Uma das formas das mudanças em ação provém de organizações locais, liderados por mulheres e movimentos ecológicos. O trabalho desse grupo diz “respeito à sobrevivência e à conservação da vida neste planeta, não só das mulheres, das crianças e da humanidade em geral, mas também da vasta diversidade da fauna e da flora” (MIES & SHIVA, 1993, p. 11). Essa iniciativa permite que mulheres advindas de sociedades explicitamente patriarcalistas possam direcionar suas atividades para a libertação do domínio masculino simbólico, pois coube à mulher a iniciativa de chamar a atenção da sociedade para as destruições ambientais.

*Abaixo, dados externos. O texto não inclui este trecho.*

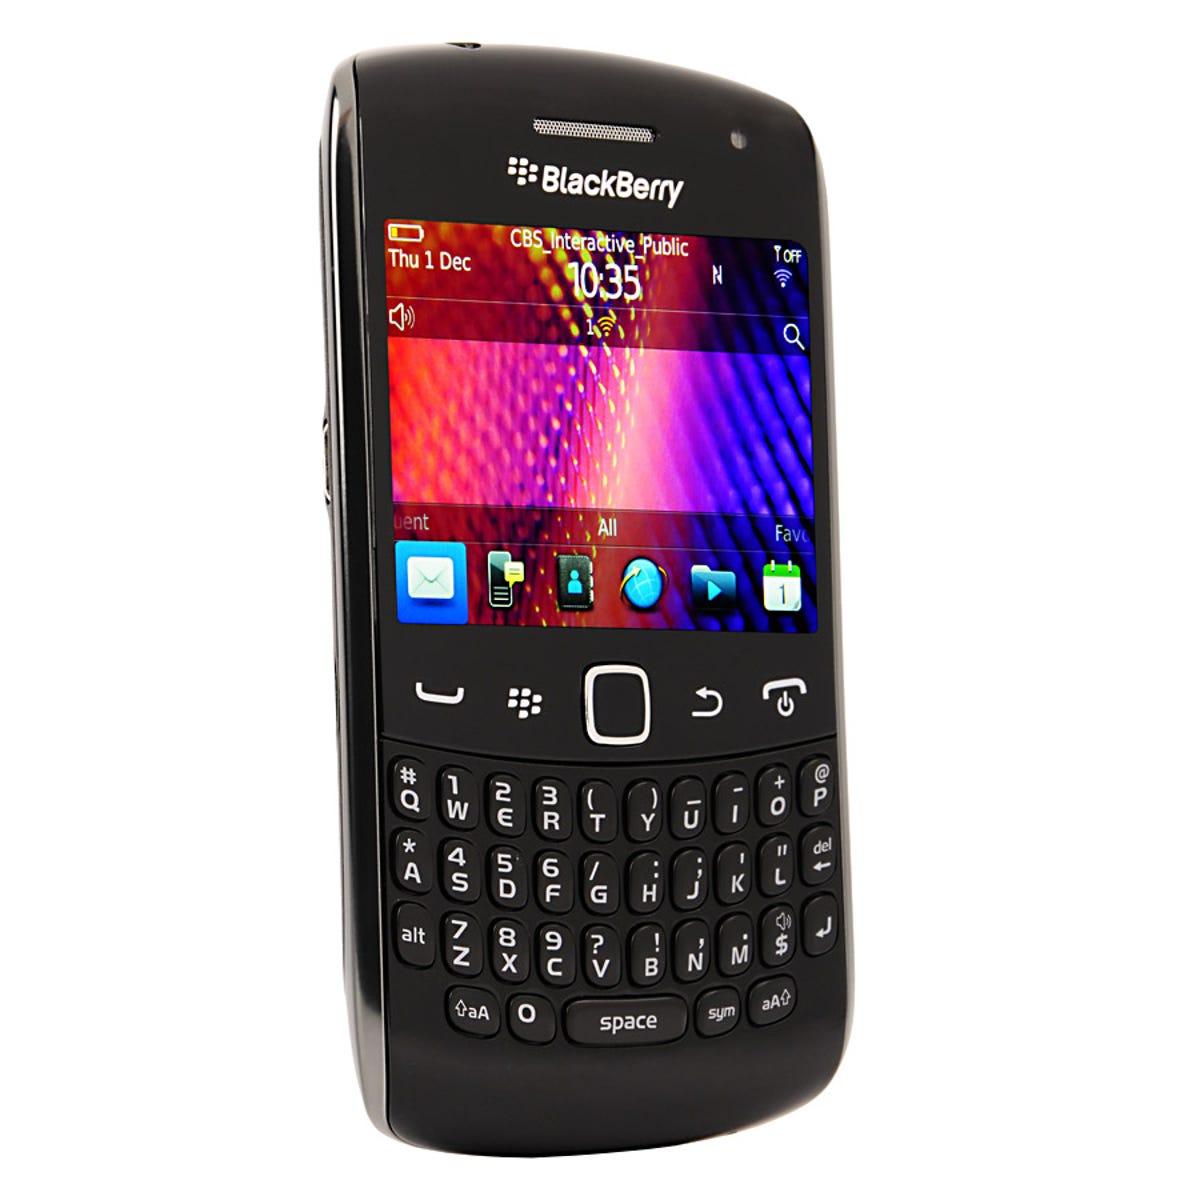 BlackBerry Curve 9360 review: BlackBerry Curve 9360 - CNET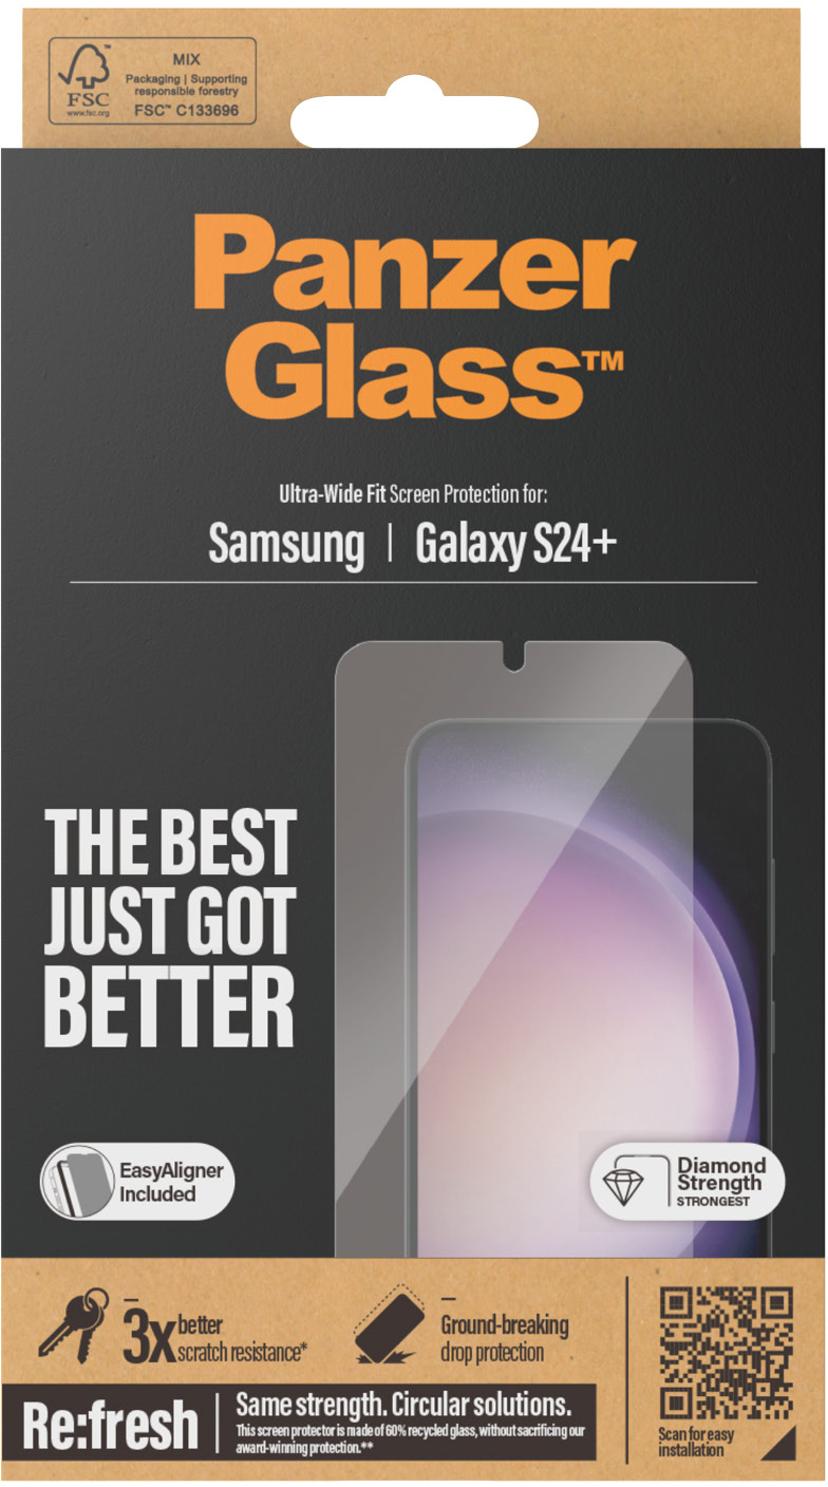 Panzerglass Ultra-Wide Fit Samsung Galaxy S24+

Assim justificam sua atuação:

Enquanto ativistas dos movimentos ecológicos, ficou claro para nós que a ciência e a tecnologia não eram de gênero neutro; e, de comum com outras mulheres, começamos a verificar que o relacionamento do domínio explorador entre o homem e a natureza (moldado, desde o século XVI, pela moderna ciência reducionista) e o relacionamento explorador e opressivo entre o homem e a mulher, que prevalece na maior parte das sociedades

patriarcais, mesmo as modernas industriais, estavam intimamente ligados. (MIES & SHIVA, 1993, p 11)

Sob esse aspecto, as autoras debruçam seus olhares para o estímulo e impulso para as inúmeras iniciativas locais que lutam contra a destruição e deterioração ecológica. Dentre vários movimentos dessa instância, destaca-se, por exemplo, o Movimento Green Belt, no Quênia. Independente da causa social ecológica, é possível verificar o mesmo objetivo: “confirmou-se que muitas mulheres, por todo o mundo, sentam a mesma fúria e ansiedade, o mesmo sentido de responsabilidade em preservar as bases da vida, e de pôr termo à sua destruição” (MIES & SHIVA, 1993, p. 12).

Sob a perspectiva ecofeminista, as autoras reconhecem “que a vida na natureza (incluindo os seres humanos) mantém-se por meio da cooperação, cuidado e amor mútuos” (MIES & SHIVA, 1993, p. 15). Ao integrar ecologia e feminismo, o Ecofeminismo é incorporado ao objetivo, por exemplo, “de preservar a diversidade de todas as formas da vida, bem como das suas expressões culturais, como fontes verdadeiras do nosso bem-estar e felicidade” (MIES & SHIVA, 1993, p. 15). Em consonância com esse aspecto, as autoras atentam para uma integração dos grupos com o objetivo de formarem um sistema holístico.

Para as autoras, entende-se como ecofeminismo o tratamento “da interligação e da abrangência da teoria e da prática” (MIES & SHIVA, 1993, p. 25). Tal princípio requer um posicionamento que exige não apenas uma identidade feminina, como também a crença de uma tarefa especial a desempenhar nestes tempos ameaçados, como a destruição ecológica e/ ou a ameaça de extermínio atômico. Tais preocupações estabelecem uma “relação entre a violência patriarcal contra as mulheres, contra indivíduos e contra a natureza” (MIES & SHIVA, 1993, p. 25). As autoras elegem as mulheres como desafiadoras contra o patriarcado, a fim de manter lealdade com as futuras gerações, com a vida e com o planeta.

Nessa linha de raciocínio, Mies e Shiva propõem o ecofeminismo espiritualista. Tal abordagem tem como origem “o desejo de recuperar, de regenerar esta sabedoria como um meio de libertar a mulher e a natureza” (MIES & SHIVA, 1993, p. 28), outro ponto a ser ressaltado é que não mantém vínculos com as religiões monoteístas (Cristianismo, Judaísmo e Islamismo), pois, acredita-se que elas contribuem para a manutenção de um sistema patriarcal; portanto, tomam como orientação a tentativa de “reviver uma religião baseada numa deusa; a espiritualidade foi definida como a Deusa” (MIES & SHIVA, 1993, p 28).

a relevância ecológica desta ênfase na ‘espiritualidade’ reside na redescoberta do aspecto sagrado da vida, de acordo com o que a vida na Terra só pode ser preservada se as pessoas começarem de novo a ver todas as formas de vida como sagradas e a respeitá-las como tal(MIES & SHIVA, 1993, p. 29).

As autoras orientam que esta qualidade encontra-se nas ocorrências cotidianas do indivíduo, pois as manifestações que celebram o sagrado criam vínculos com a Terra-Mãe.

Para finalizar, Mies e Shiva ressaltam que as bases filosóficas do ecofeminismo espiritualista agem nas transformações do cotidiano, sejam elas em grandes centros urbanos ou em pequenas comunidades. Esta posição afeta diretamente o sistema mundial explorador existente. Logo, entende-se que a mulher está mais apta e próxima a atender as necessidades globais e/ou locais em relação ao homem.